You're giving away all rights, including ebook and print (which most publishers do take), but also movie and audio. Plus, I'm not entirely sure what they mean by giving them the right to commercialize the book. Does this mean if they get it made into a mini-series you're SOL as far as any compensation for that? Does it mean if they sell it to a third party, you're stuck with that?

Also, I don't like the fact they can shorten the story and/or include it in anthologies or other reprints. How is the royalty structure for all of the rights you're giving them set up? I don't see that it's spelled out except for book form.

It appears you keep the copyright, but this section is not entirely clear. I'd definitely be sure the copyright stays with the author.

The royalty structure is clear as mud. They can partner with the Big Five to publish your book? Seriously? This needs further exploration and clarification.

The life of the contract is 15 years, or you may terminate if they don't sell 1,001 copies or more within one year.

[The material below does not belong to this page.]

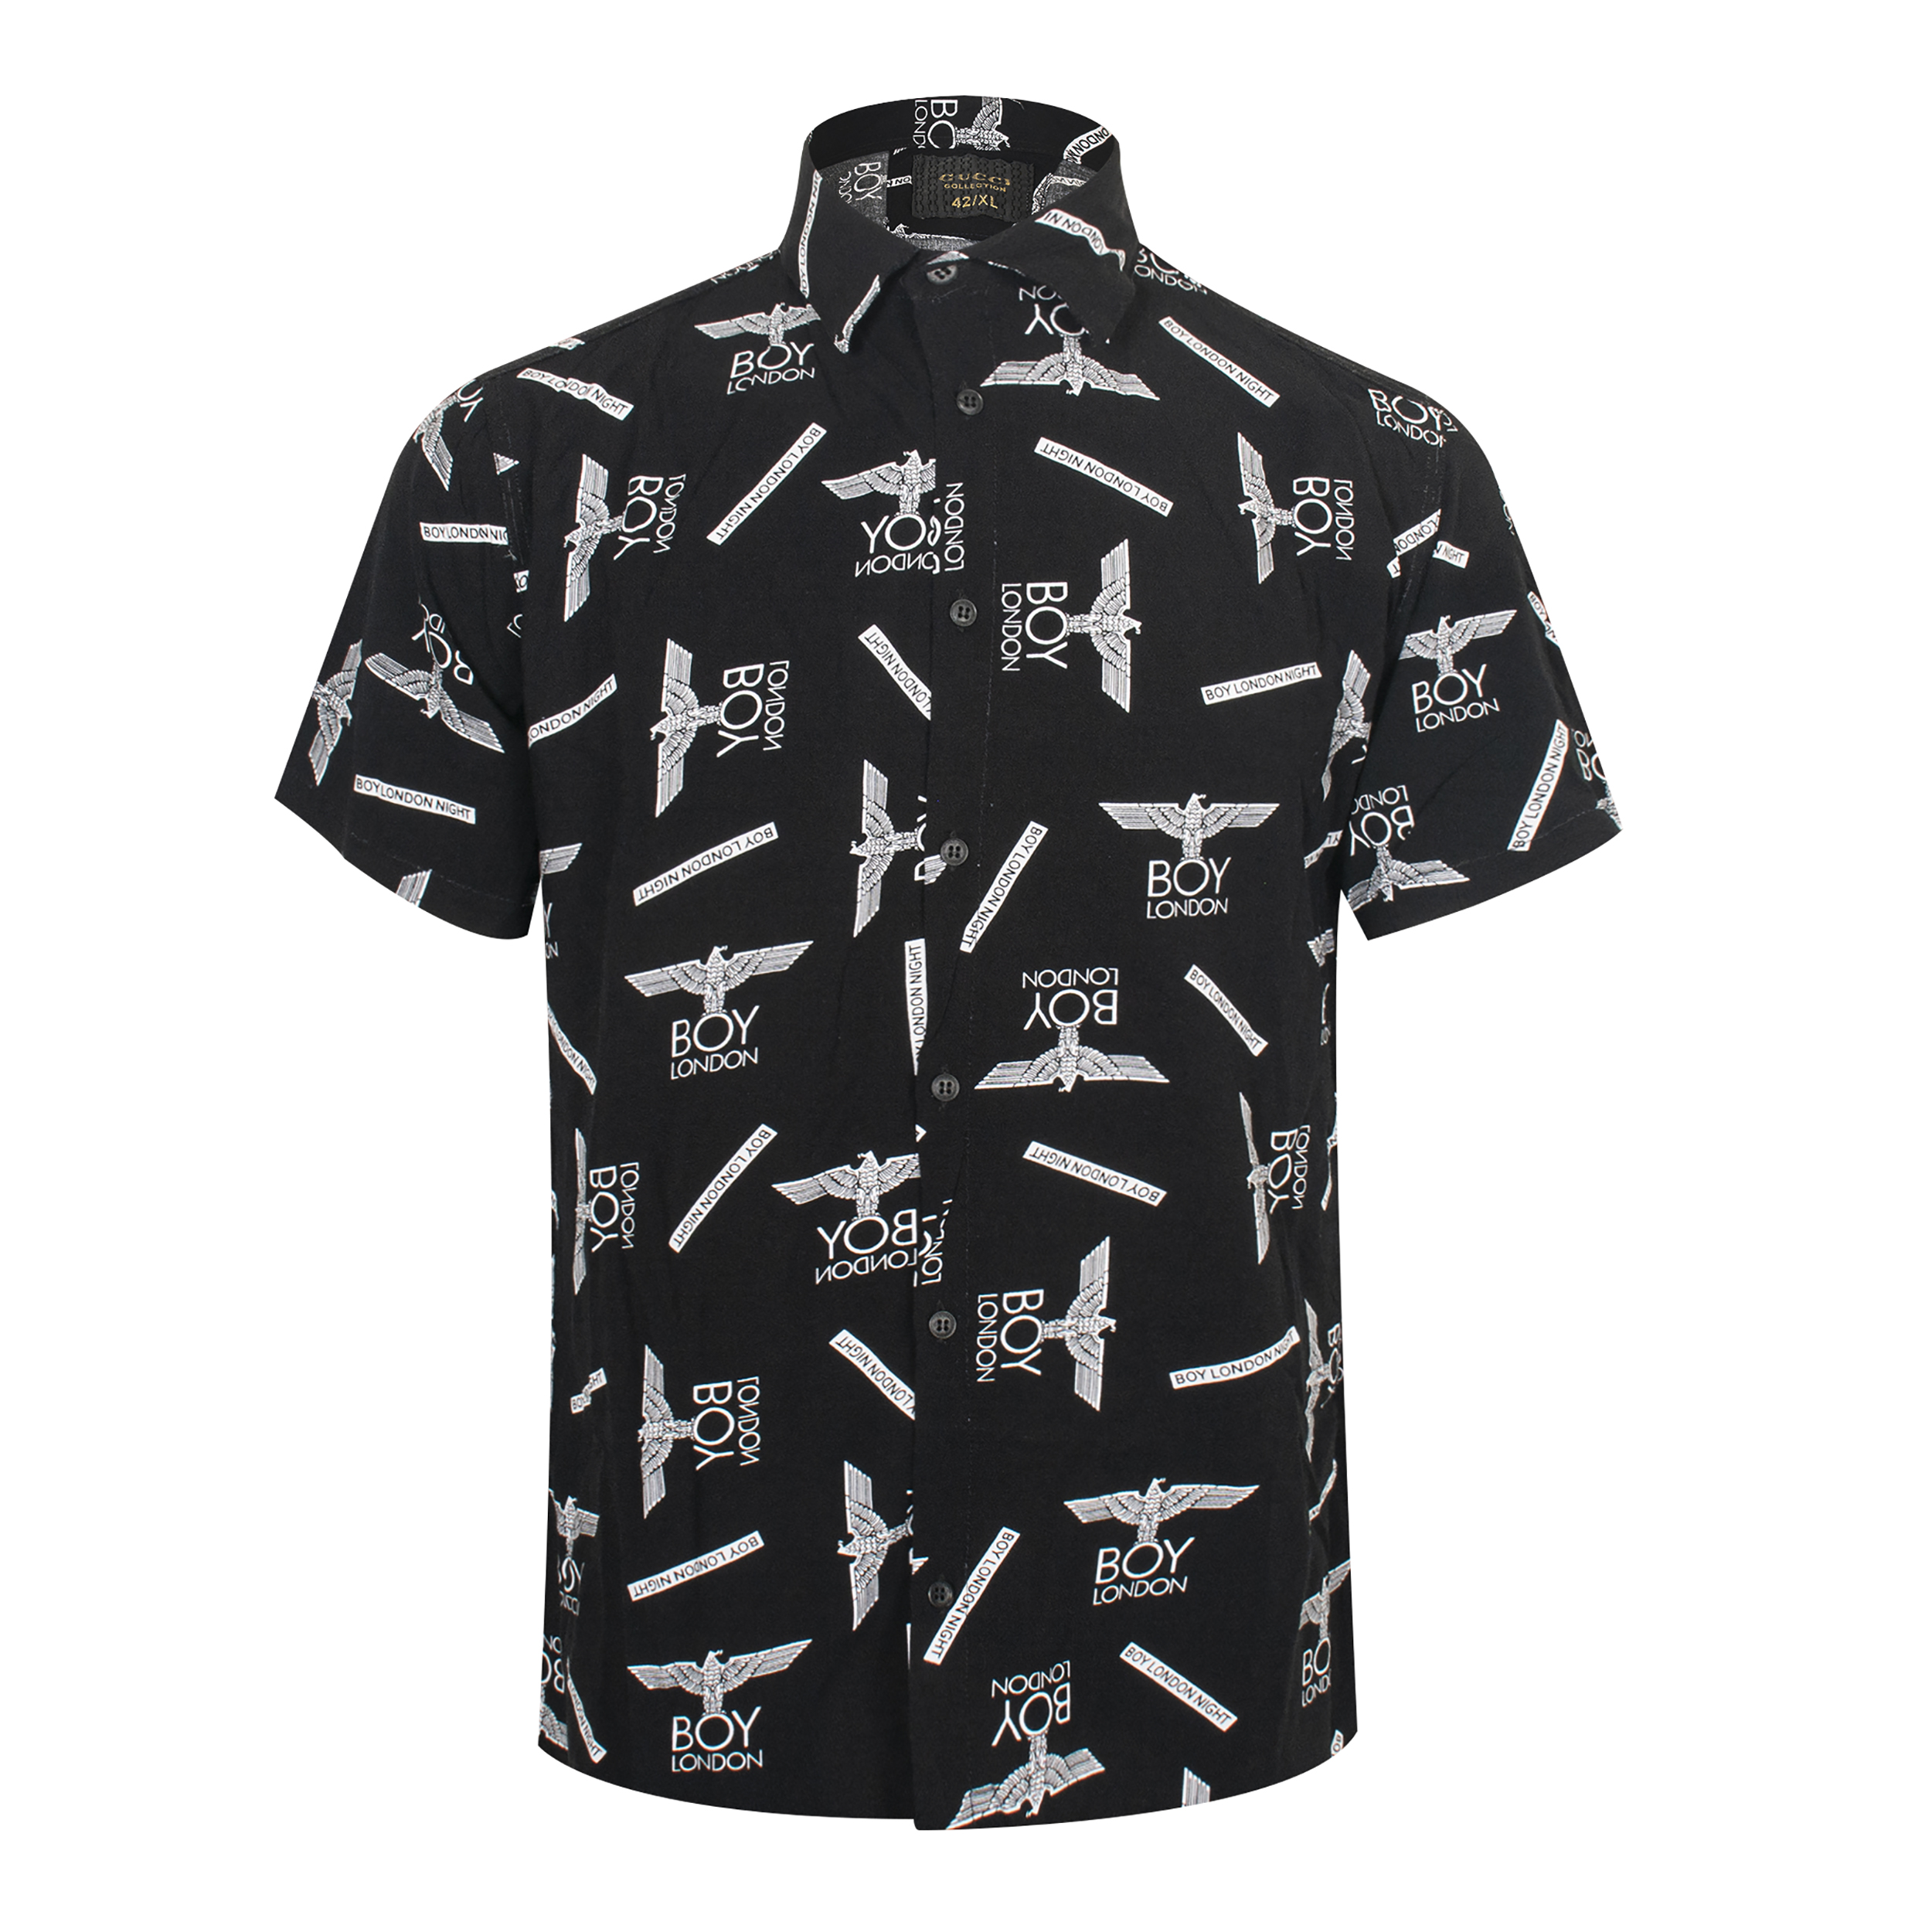 نکته خرید - قیمت روز پیراهن آستین کوتاه مردانه مدل هاوایی خرید

And I think it's odd they stipulate a specific sum of money they will allocate toward marketing your book. What does that actually mean? Do you owe this back against royalties? It's not clear.
 
Picking up on something in there, here are Tor's Submission guidelines which also reflect a topic that came up last night re diversity in publishing & concerns re accusations of cultural appropriation.
There must be justice and an even playing field (still clannish networks on the Beeb though, aren't there. Dimbleby's, Snows and others )
Story is king, right? Write the story only you can write, and after that, let it fall out as it may.
 
Yes, all of the above. Get back to writing, and submitting elsewhere. I also was offered a contract, only to discover they weren't a real publisher. It happens unfortunately.
 
It's a VC-backed startup. Basically, unless they pivot, they seem to be all about book discovery in reverse, i.e. finding successful titles for bigger publishers to pick up. It's explained here. Interesting idea, but imho flawed in one or two serious ways. You would need a fairly strong appetite for the unknown to go with them at this stage, I think.
 
PS - if I were a gambling man, I wouldn't mind offering decent odds that they'll have to go the author-funded route if/when the VC money dries up.